**Brief:** Exactly as written, print every line of the listing below and omit its pictures.

**Raw data:**
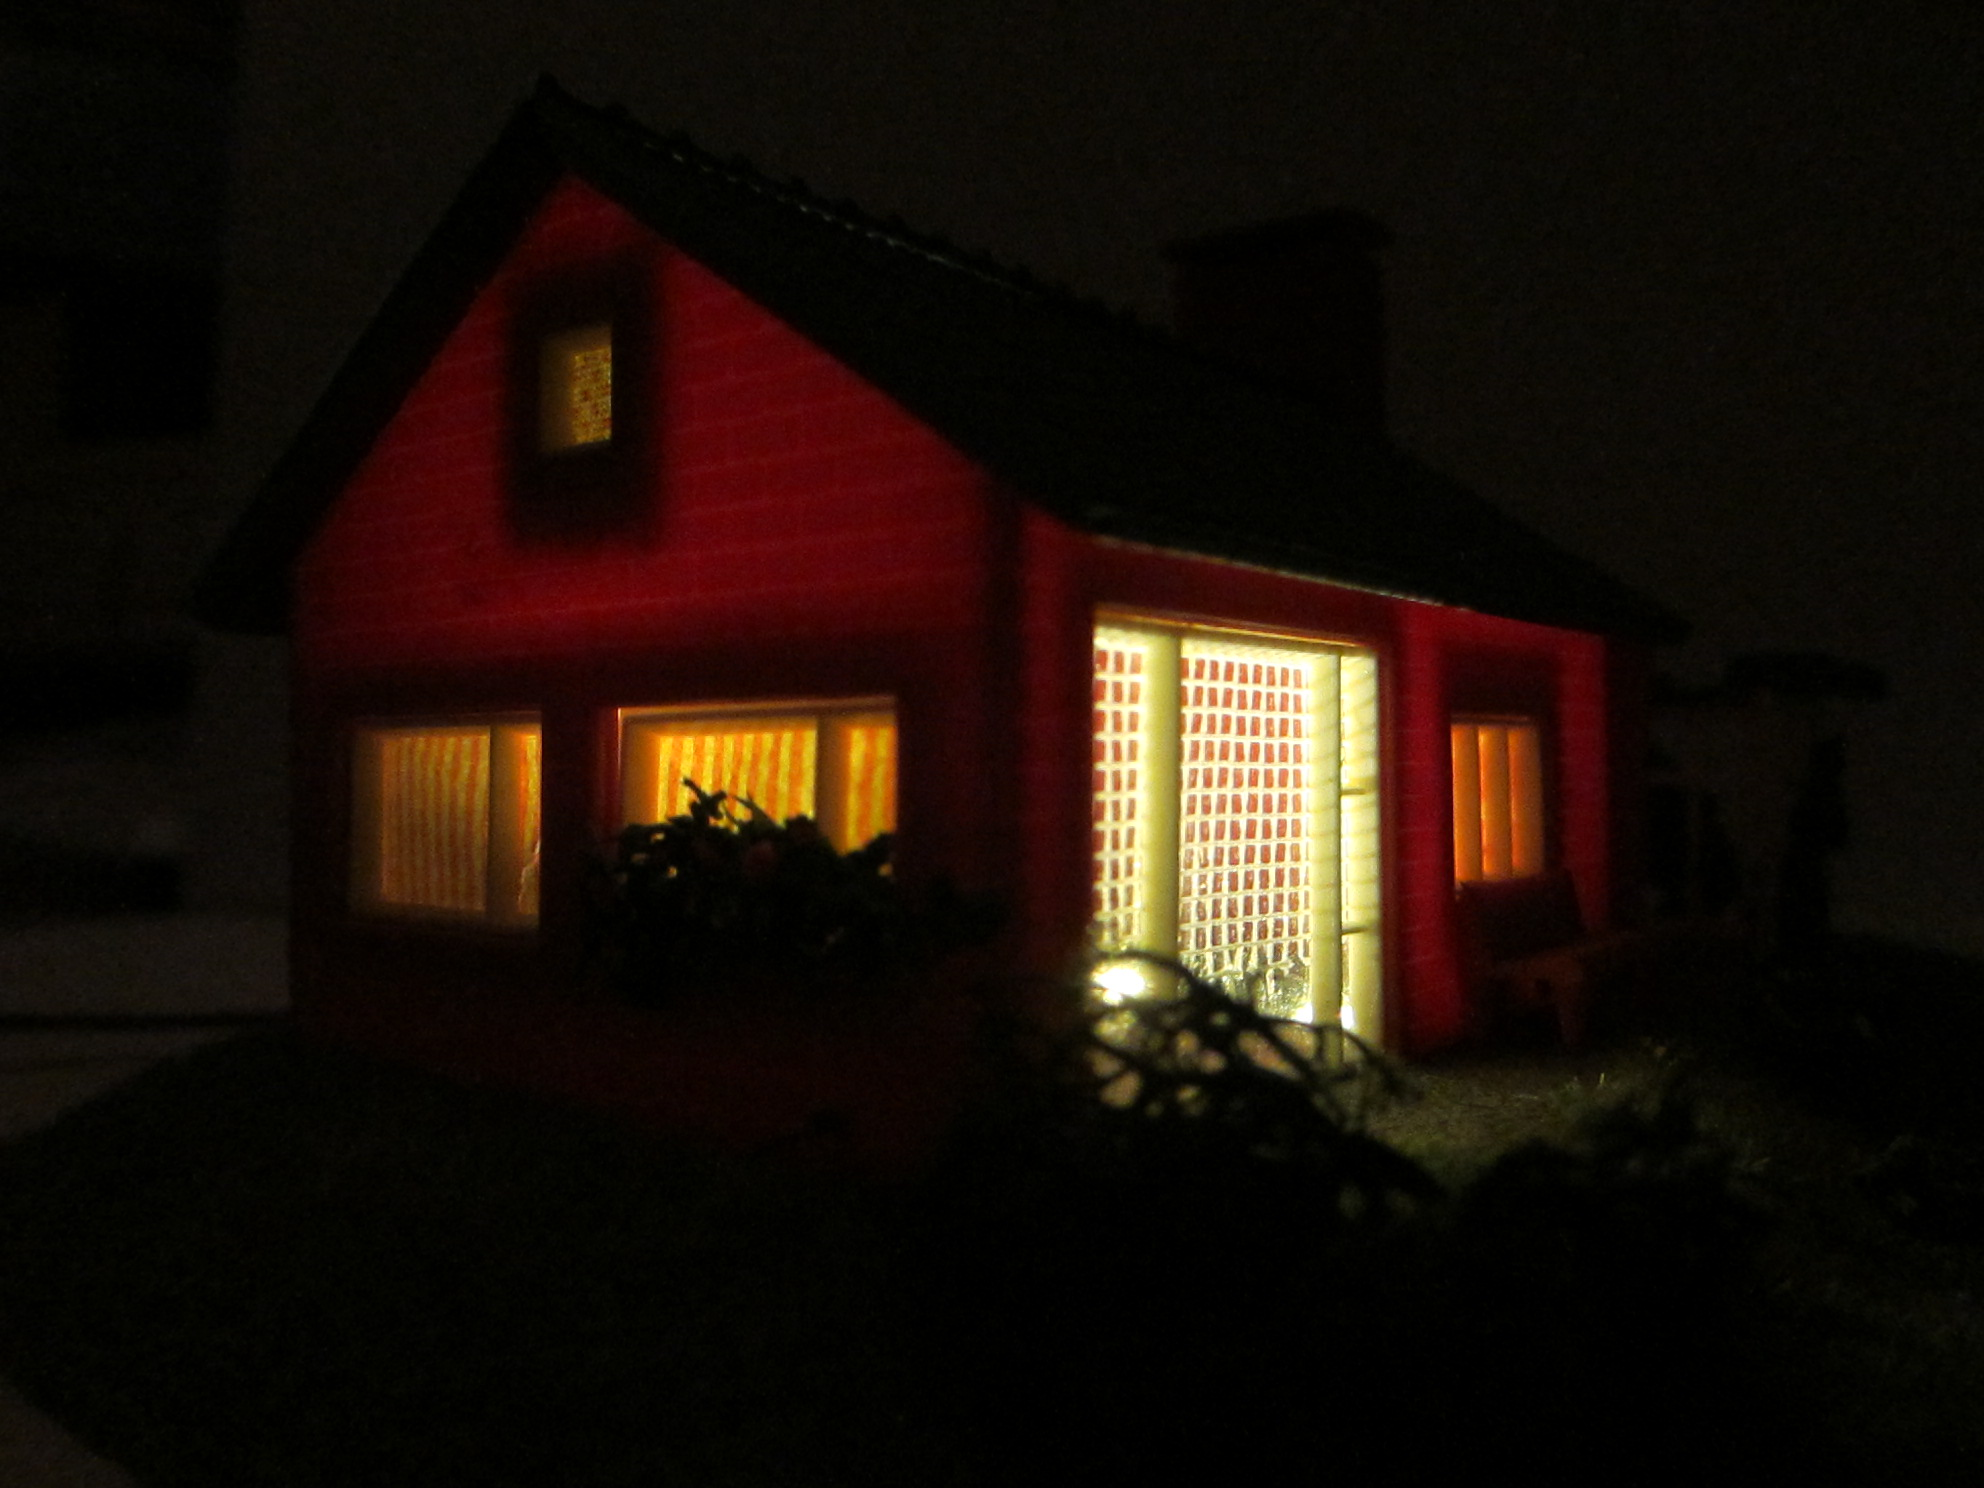 Hausbeleuchtung mit 1 x KELLTEC Universal / Häuserbeleuchtungen warmweiss
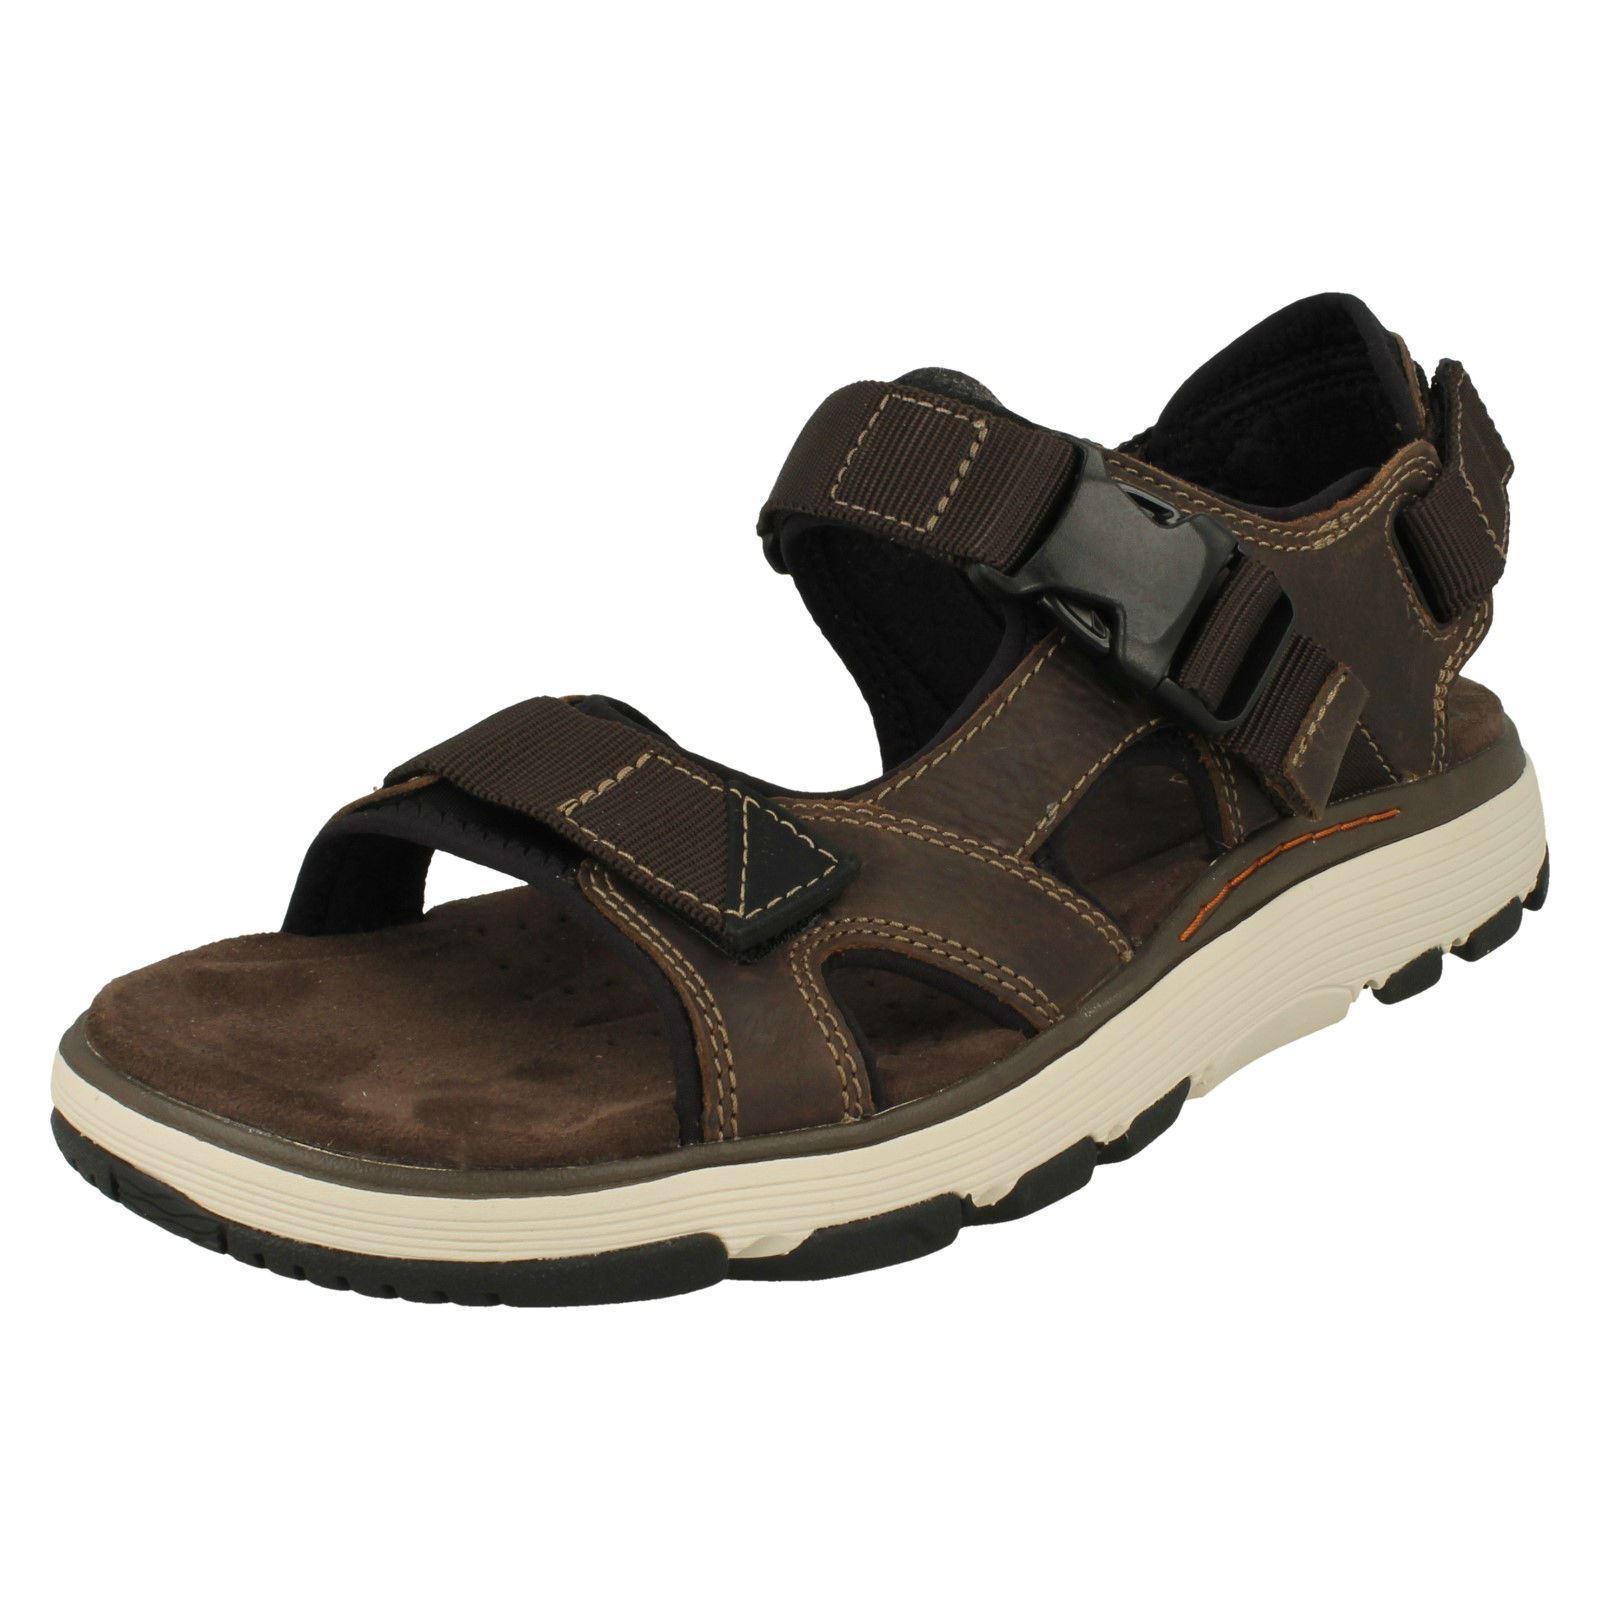 Mens Clarks Strapped Sandals - Un Trek Bar
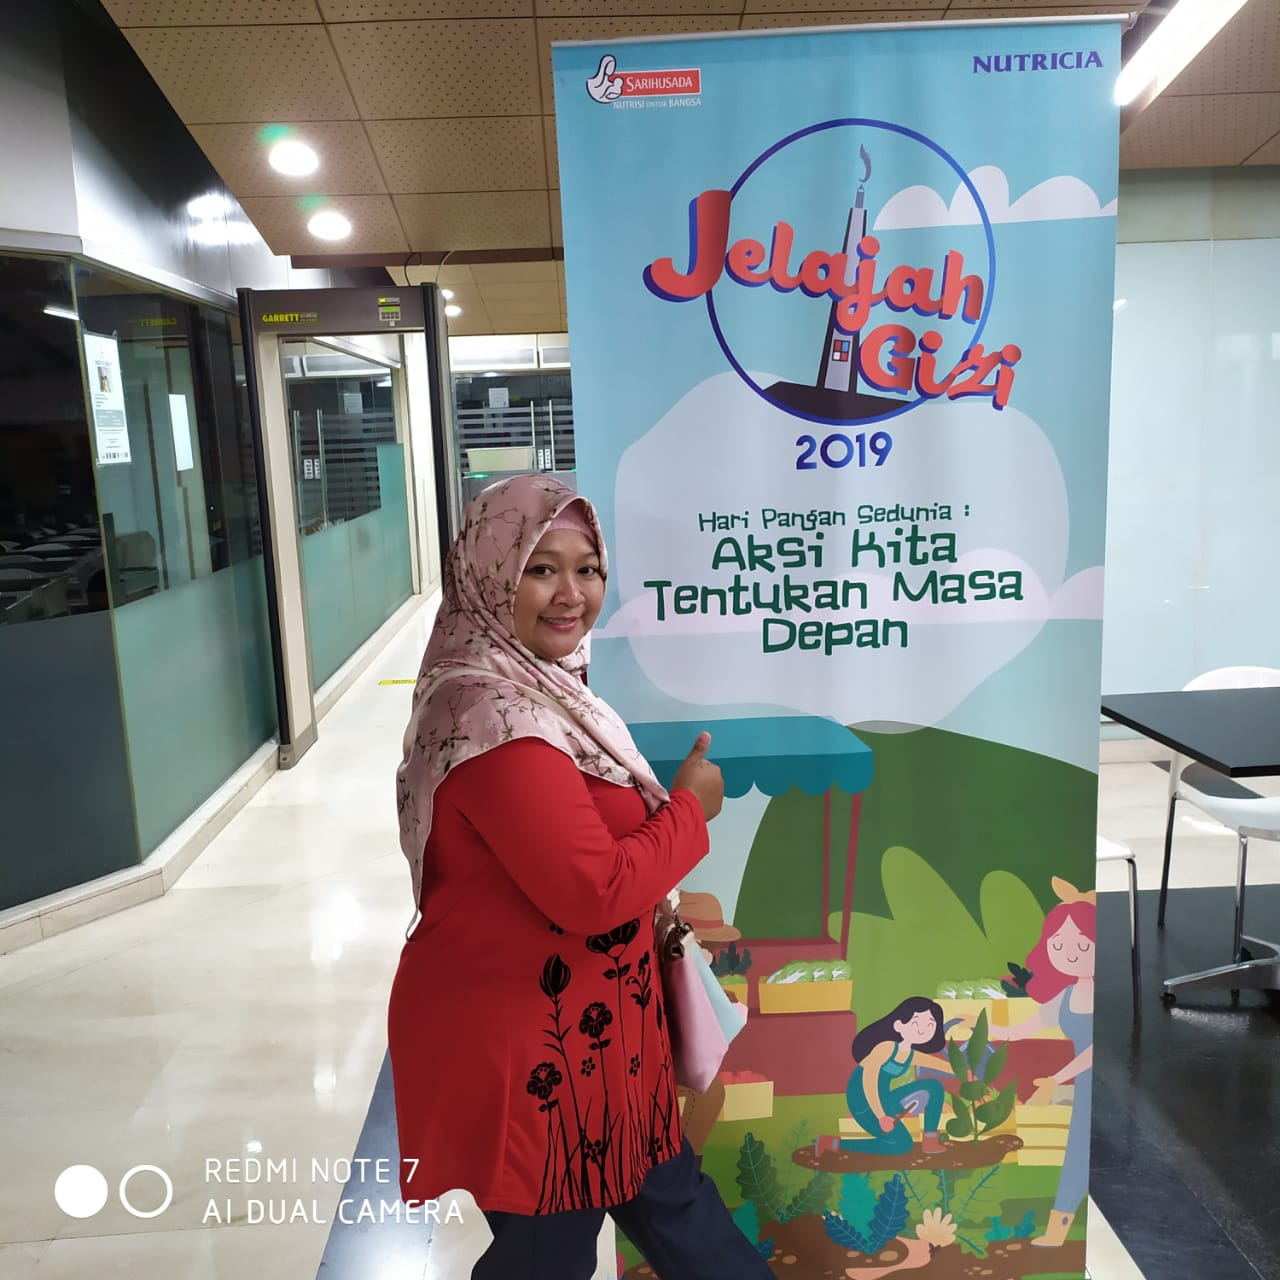 Jelajah gizi Bogor
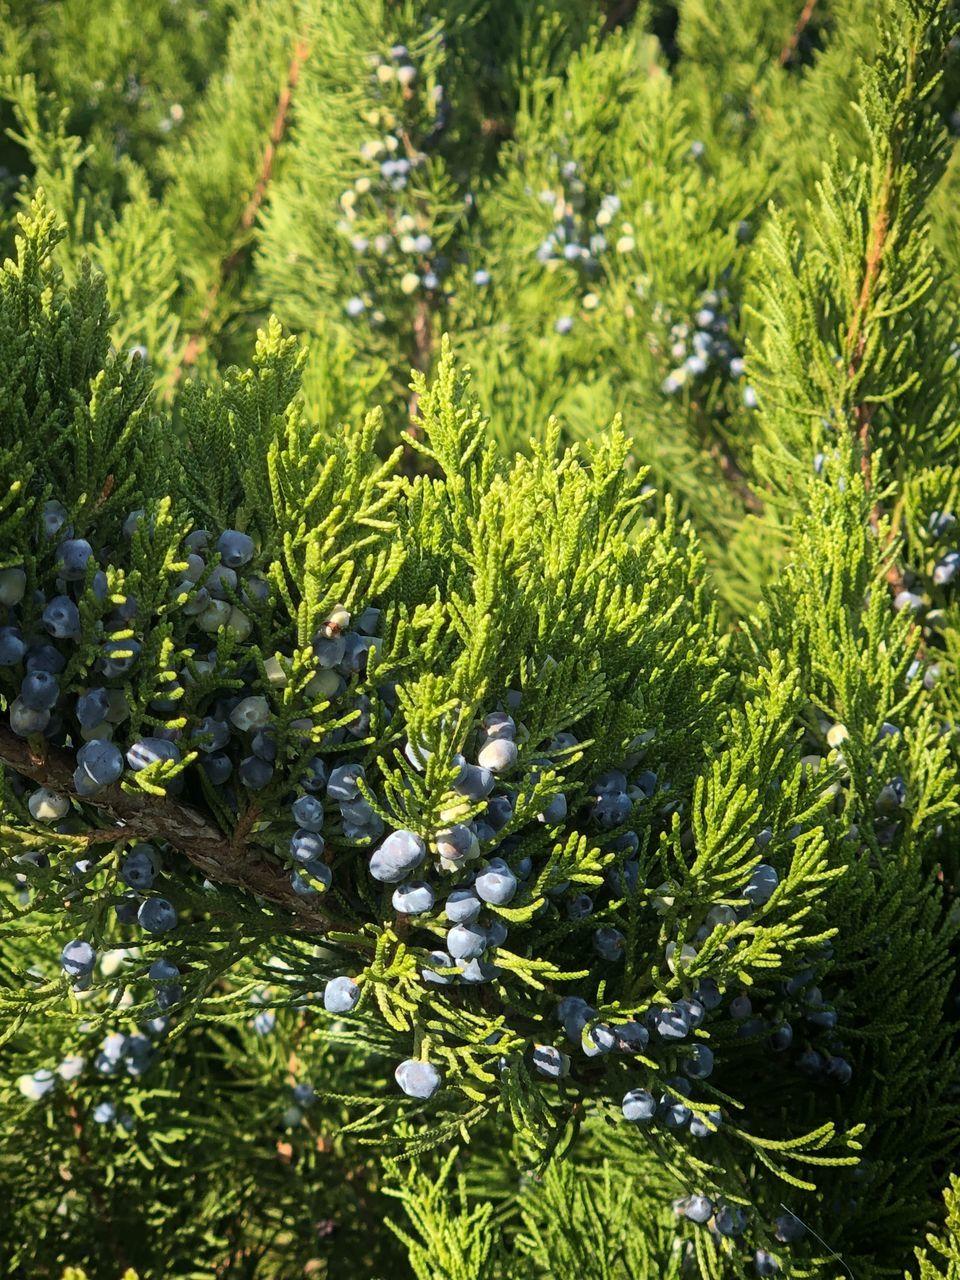 FULL FRAME SHOT OF PLANTS GROWING ON LAND

**Worked solution:**
 Hausbeleuchtung mit 1 x KELLTEC Universal / Häuserbeleuchtungen warmweiss
 Mens Clarks Strapped Sandals - Un Trek Bar
 Jelajah gizi Bogor
 FULL FRAME SHOT OF PLANTS GROWING ON LAND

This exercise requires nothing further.